Extracted records Start Marker

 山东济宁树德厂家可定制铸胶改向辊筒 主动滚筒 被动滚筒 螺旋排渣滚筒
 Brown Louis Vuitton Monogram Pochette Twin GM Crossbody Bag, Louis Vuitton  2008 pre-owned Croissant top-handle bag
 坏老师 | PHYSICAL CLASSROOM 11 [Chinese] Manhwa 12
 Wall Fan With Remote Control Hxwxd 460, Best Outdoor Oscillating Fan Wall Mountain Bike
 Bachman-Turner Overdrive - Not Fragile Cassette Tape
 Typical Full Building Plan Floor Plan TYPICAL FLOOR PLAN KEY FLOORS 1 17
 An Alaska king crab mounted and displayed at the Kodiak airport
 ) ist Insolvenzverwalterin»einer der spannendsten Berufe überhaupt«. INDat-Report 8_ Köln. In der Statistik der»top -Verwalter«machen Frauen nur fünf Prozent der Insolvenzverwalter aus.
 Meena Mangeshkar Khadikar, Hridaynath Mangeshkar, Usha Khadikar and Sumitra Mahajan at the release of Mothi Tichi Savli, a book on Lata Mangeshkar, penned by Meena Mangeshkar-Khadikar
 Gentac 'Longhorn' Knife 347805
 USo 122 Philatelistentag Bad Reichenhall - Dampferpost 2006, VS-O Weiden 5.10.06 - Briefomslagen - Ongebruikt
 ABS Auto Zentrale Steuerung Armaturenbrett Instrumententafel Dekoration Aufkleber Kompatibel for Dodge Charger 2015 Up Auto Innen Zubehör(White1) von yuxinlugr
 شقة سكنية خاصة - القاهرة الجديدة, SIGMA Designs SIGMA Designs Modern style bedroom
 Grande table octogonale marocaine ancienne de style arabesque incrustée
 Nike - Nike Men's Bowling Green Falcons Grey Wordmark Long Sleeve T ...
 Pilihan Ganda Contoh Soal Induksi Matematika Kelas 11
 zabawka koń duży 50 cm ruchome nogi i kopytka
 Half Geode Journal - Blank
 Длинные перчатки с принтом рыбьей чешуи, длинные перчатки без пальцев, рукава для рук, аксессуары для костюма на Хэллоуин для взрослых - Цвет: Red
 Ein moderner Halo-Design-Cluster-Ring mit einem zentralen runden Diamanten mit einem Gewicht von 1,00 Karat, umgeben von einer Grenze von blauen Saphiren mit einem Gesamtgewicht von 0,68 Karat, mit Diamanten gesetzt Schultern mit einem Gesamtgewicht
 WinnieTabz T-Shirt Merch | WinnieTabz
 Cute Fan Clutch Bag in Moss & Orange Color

Extracted records End Marker

Exercise aim: Print the entries once more, character for character.

Solution:
 山东济宁树德厂家可定制铸胶改向辊筒 主动滚筒 被动滚筒 螺旋排渣滚筒
 Brown Louis Vuitton Monogram Pochette Twin GM Crossbody Bag, Louis Vuitton  2008 pre-owned Croissant top-handle bag
 坏老师 | PHYSICAL CLASSROOM 11 [Chinese] Manhwa 12
 Wall Fan With Remote Control Hxwxd 460, Best Outdoor Oscillating Fan Wall Mountain Bike
 Bachman-Turner Overdrive - Not Fragile Cassette Tape
 Typical Full Building Plan Floor Plan TYPICAL FLOOR PLAN KEY FLOORS 1 17
 An Alaska king crab mounted and displayed at the Kodiak airport
 ) ist Insolvenzverwalterin»einer der spannendsten Berufe überhaupt«. INDat-Report 8_ Köln. In der Statistik der»top -Verwalter«machen Frauen nur fünf Prozent der Insolvenzverwalter aus.
 Meena Mangeshkar Khadikar, Hridaynath Mangeshkar, Usha Khadikar and Sumitra Mahajan at the release of Mothi Tichi Savli, a book on Lata Mangeshkar, penned by Meena Mangeshkar-Khadikar
 Gentac 'Longhorn' Knife 347805
 USo 122 Philatelistentag Bad Reichenhall - Dampferpost 2006, VS-O Weiden 5.10.06 - Briefomslagen - Ongebruikt
 ABS Auto Zentrale Steuerung Armaturenbrett Instrumententafel Dekoration Aufkleber Kompatibel for Dodge Charger 2015 Up Auto Innen Zubehör(White1) von yuxinlugr
 شقة سكنية خاصة - القاهرة الجديدة, SIGMA Designs SIGMA Designs Modern style bedroom
 Grande table octogonale marocaine ancienne de style arabesque incrustée
 Nike - Nike Men's Bowling Green Falcons Grey Wordmark Long Sleeve T ...
 Pilihan Ganda Contoh Soal Induksi Matematika Kelas 11
 zabawka koń duży 50 cm ruchome nogi i kopytka
 Half Geode Journal - Blank
 Длинные перчатки с принтом рыбьей чешуи, длинные перчатки без пальцев, рукава для рук, аксессуары для костюма на Хэллоуин для взрослых - Цвет: Red
 Ein moderner Halo-Design-Cluster-Ring mit einem zentralen runden Diamanten mit einem Gewicht von 1,00 Karat, umgeben von einer Grenze von blauen Saphiren mit einem Gesamtgewicht von 0,68 Karat, mit Diamanten gesetzt Schultern mit einem Gesamtgewicht
 WinnieTabz T-Shirt Merch | WinnieTabz
 Cute Fan Clutch Bag in Moss & Orange Color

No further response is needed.